Mamafih Mr. Sowerberry’nin tahmini hilafına, acele etmeye lüzum yoktu pek; mezarların bulunduğu, ısırganların ürediği kilise bahçesinin karanlık köşesine vardıklarında, kilise azaları daha gelmemişti; ufak odada, ateş başında oturmakta olan memura bakılırsa Papaz Efendi’nin gelmesinin bir saat kadar sürebileceğinin hiç de gayrimuhtemel olmadığını düşünür gibiydi. Tabutu mezarın kenarına koydular; iki matemci, ıslak toprak üstünde sabırla beklemeye başladı, buz gibi bir yağmur çiseliyordu, manzaranın kilise bahçesine cezbettiği paçavralar içindeki çocuklarsa mezar taşları arasında, gürültü çıkararak saklambaç oynuyorlardı; sonra da eğlencelerine çeşni vermek için tabutun üstünden ileri geri atlayıp duruyorlardı. Kilise memurunun şahsi arkadaşı olan Mr. Sowerberry ile Bumble, kendisiyle birlikte oturmuş gazete okuyordu.

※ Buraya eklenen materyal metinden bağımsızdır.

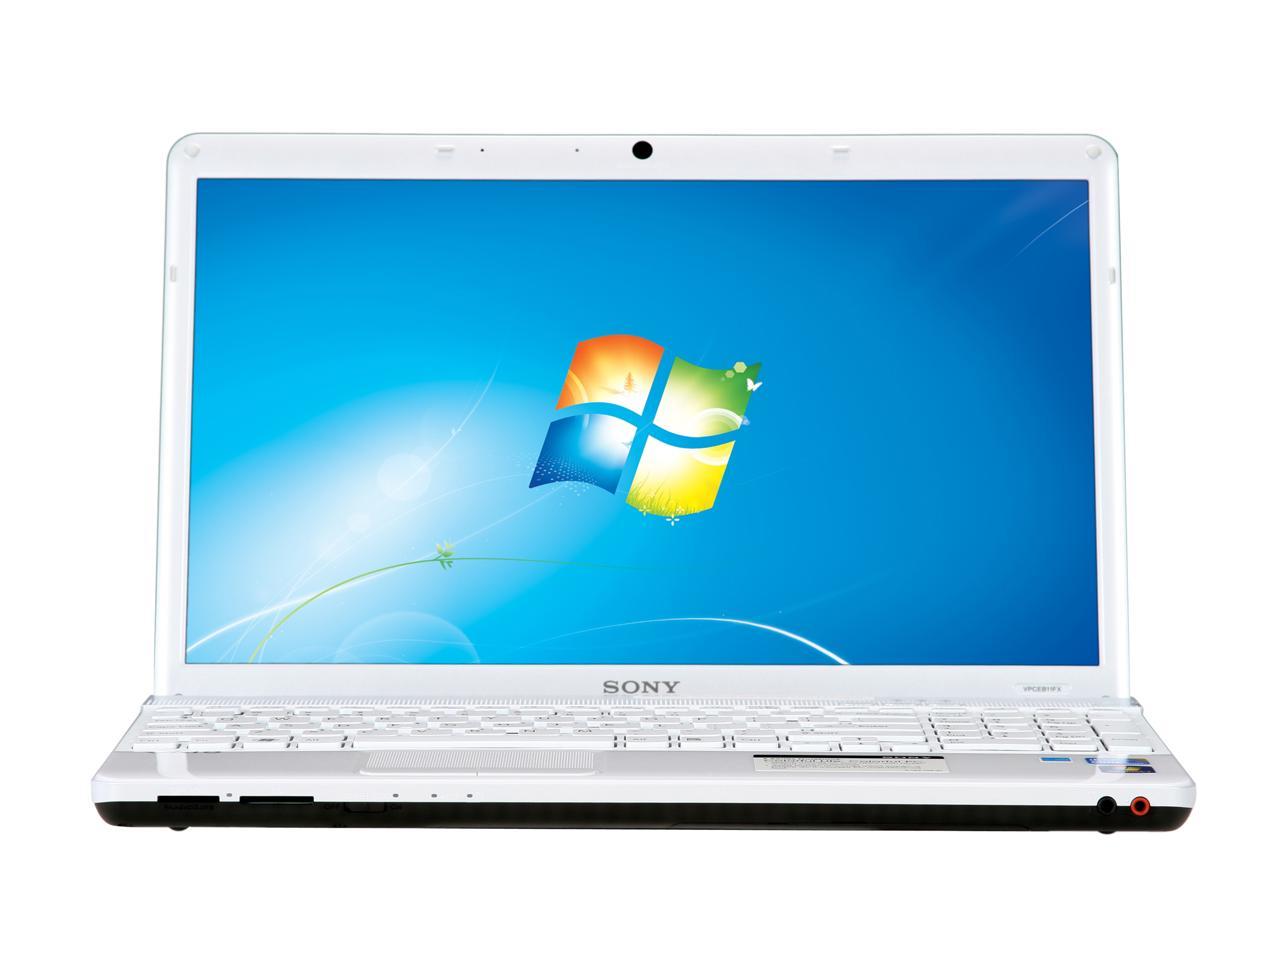 SONY Laptop VAIO E Series Intel Core i3 1st Gen 330M (2.13GHz) 4GB
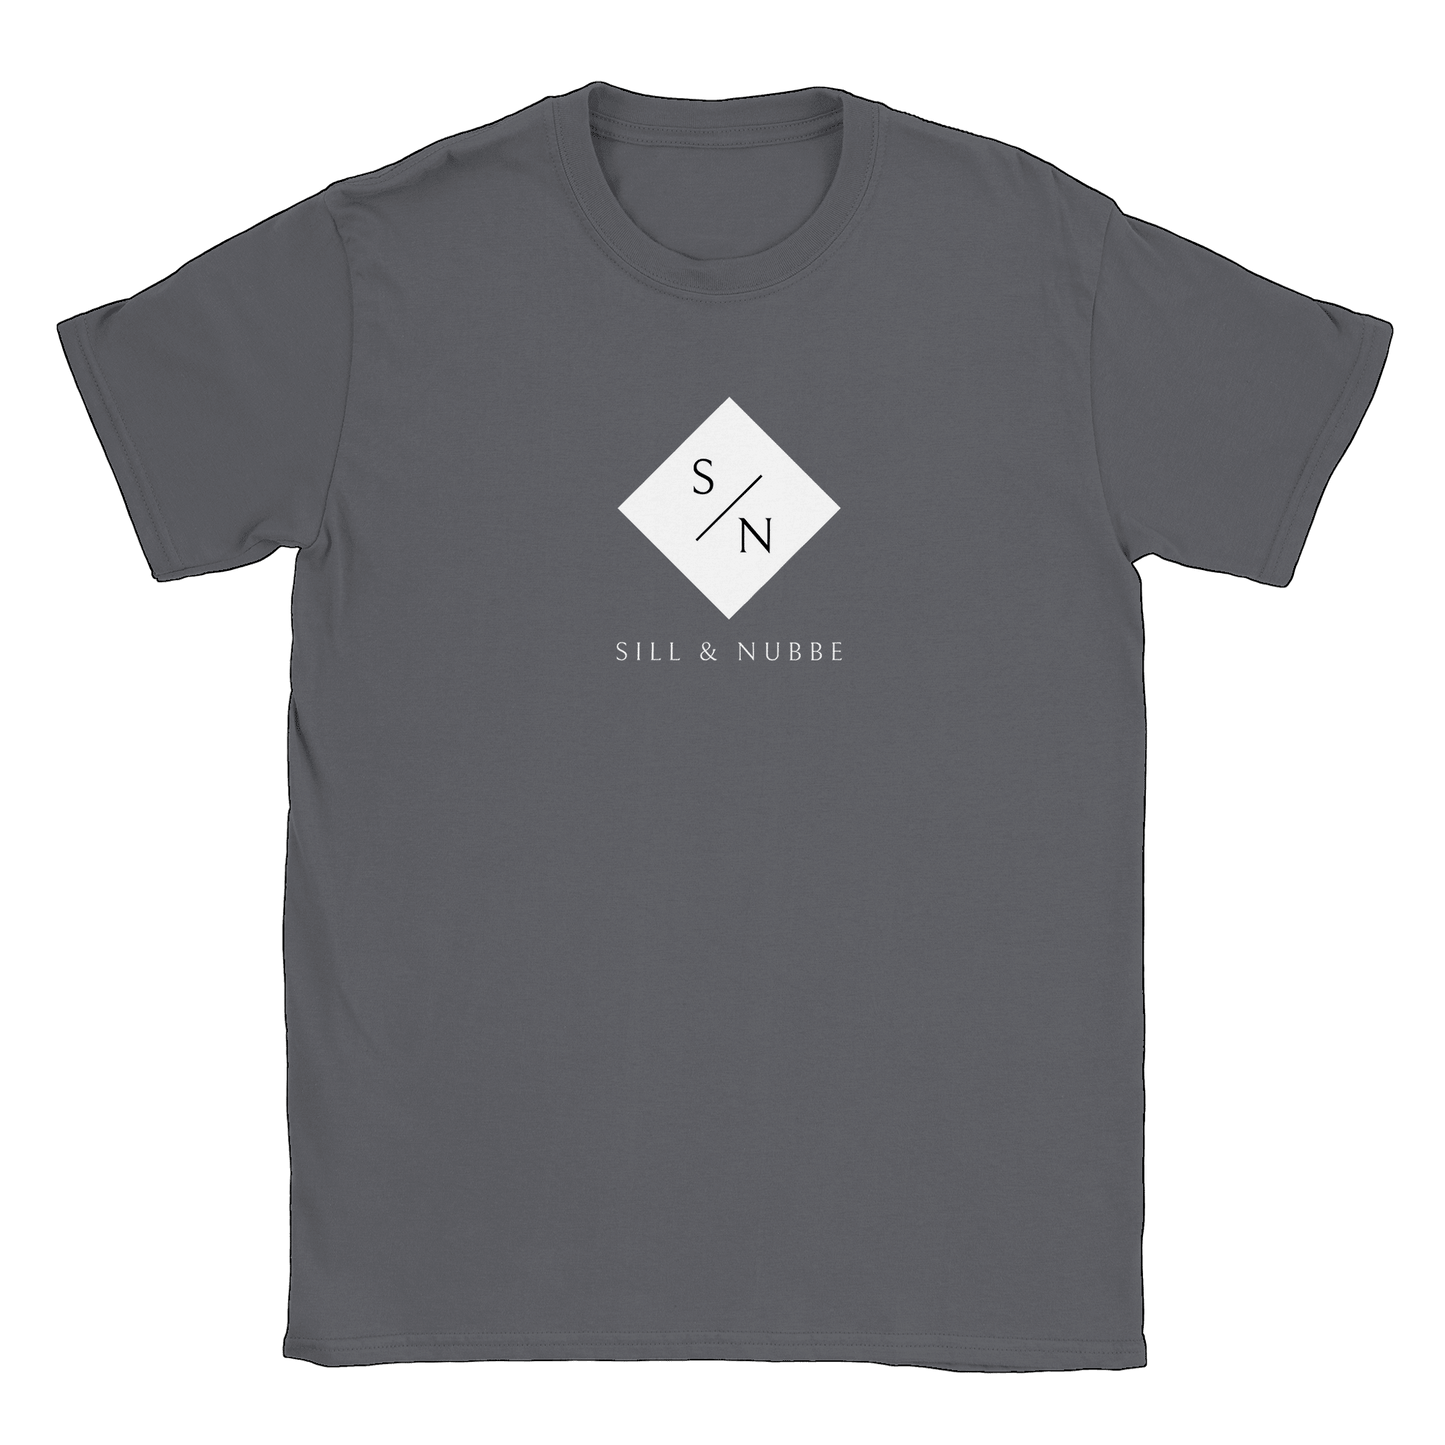 Sill och nubbe - T-shirt Charcoal

Sonunda, bir saat kadar bir zaman geçtikten sonra, Mr. Bumble ve Sowerberry ve memur, mezara doğru koştular. Tam o sırada Papaz Efendi belirdi; hem yürüyor hem cübbesini giymeye çalışıyordu. Mr. Bumble, vaziyeti kurtarmak için bir iki çocuğa sille tokat savurdu ve Aziz Papaz Efendi dört dakikaya sıkıştırılabilecek kadar ölü gömme duası okuduktan sonra, cübbesini memura verip, çekip gitti.

“Haydi Bill!” dedi Sowerberry, mezar kazıcıya. “Doldur bakalım toprağı!”

Zor iş değildi; çünkü mezar öyle doluydu ki, en üstteki tabut, toprağın yüzünden birkaç karış aşağıdaydı. Mezar kazıcı, kürekle toprak atıp ayaklarıyla bastırdı. Küreğini omzuna vurdu, yürümeye koyuldu, eğlencenin bu kadar çabuk bittiğinden mırıltıyla şikâyet ederek arkasından gitti.

“Haydi azizim!” dedi Bumble, adamın sırtına hafifçe vurarak. “Bahçeyi kapayacaklar.”

Mezar başında yer aldığından beri, hiçbir harekette bulunmayan adam kımıldadı, başını kaldırıp kendisine hitap eden adama baktı, ileri doğru birkaç adım attı ve düşüp bayıldı. Deli ihtiyar kadın (cenazecinin çoktan almış olduğu) mantosunu aramakla öyle meşguldü ki, ona dikkat edecek hâli yoktu; böylece adamın üstüne bir teneke soğuk su boşalttılar. Kendine gelince sağ salim kilise bahçesinden çıkarıp kapıyı kapadılar, her ikisi de yoluna gitti.

“İşte böyle Oliver.” dedi Sowerberry eve dönerlerken. “Hoşuna gitti mi bakalım?”

“Epey gitti efendim, teşekkür ederim.” dedi Oliver epey bir tereddütten sonra. “Ama pek de değil efendim.”

“Çok geçmeden alışırsın Oliver.” dedi Sowerberry. “Alıştın mı bir kere, bitti gitti demektir.”

Oliver, “Mr. Sowerberry’nin bu alışması acaba ne kadar sürdü?” diye düşünüp duruyordu. Ama sual sormaktan çekindi; dükkâna yürümekle yetindi, gördüklerini, duyduklarını düşünmek yetiyordu ona.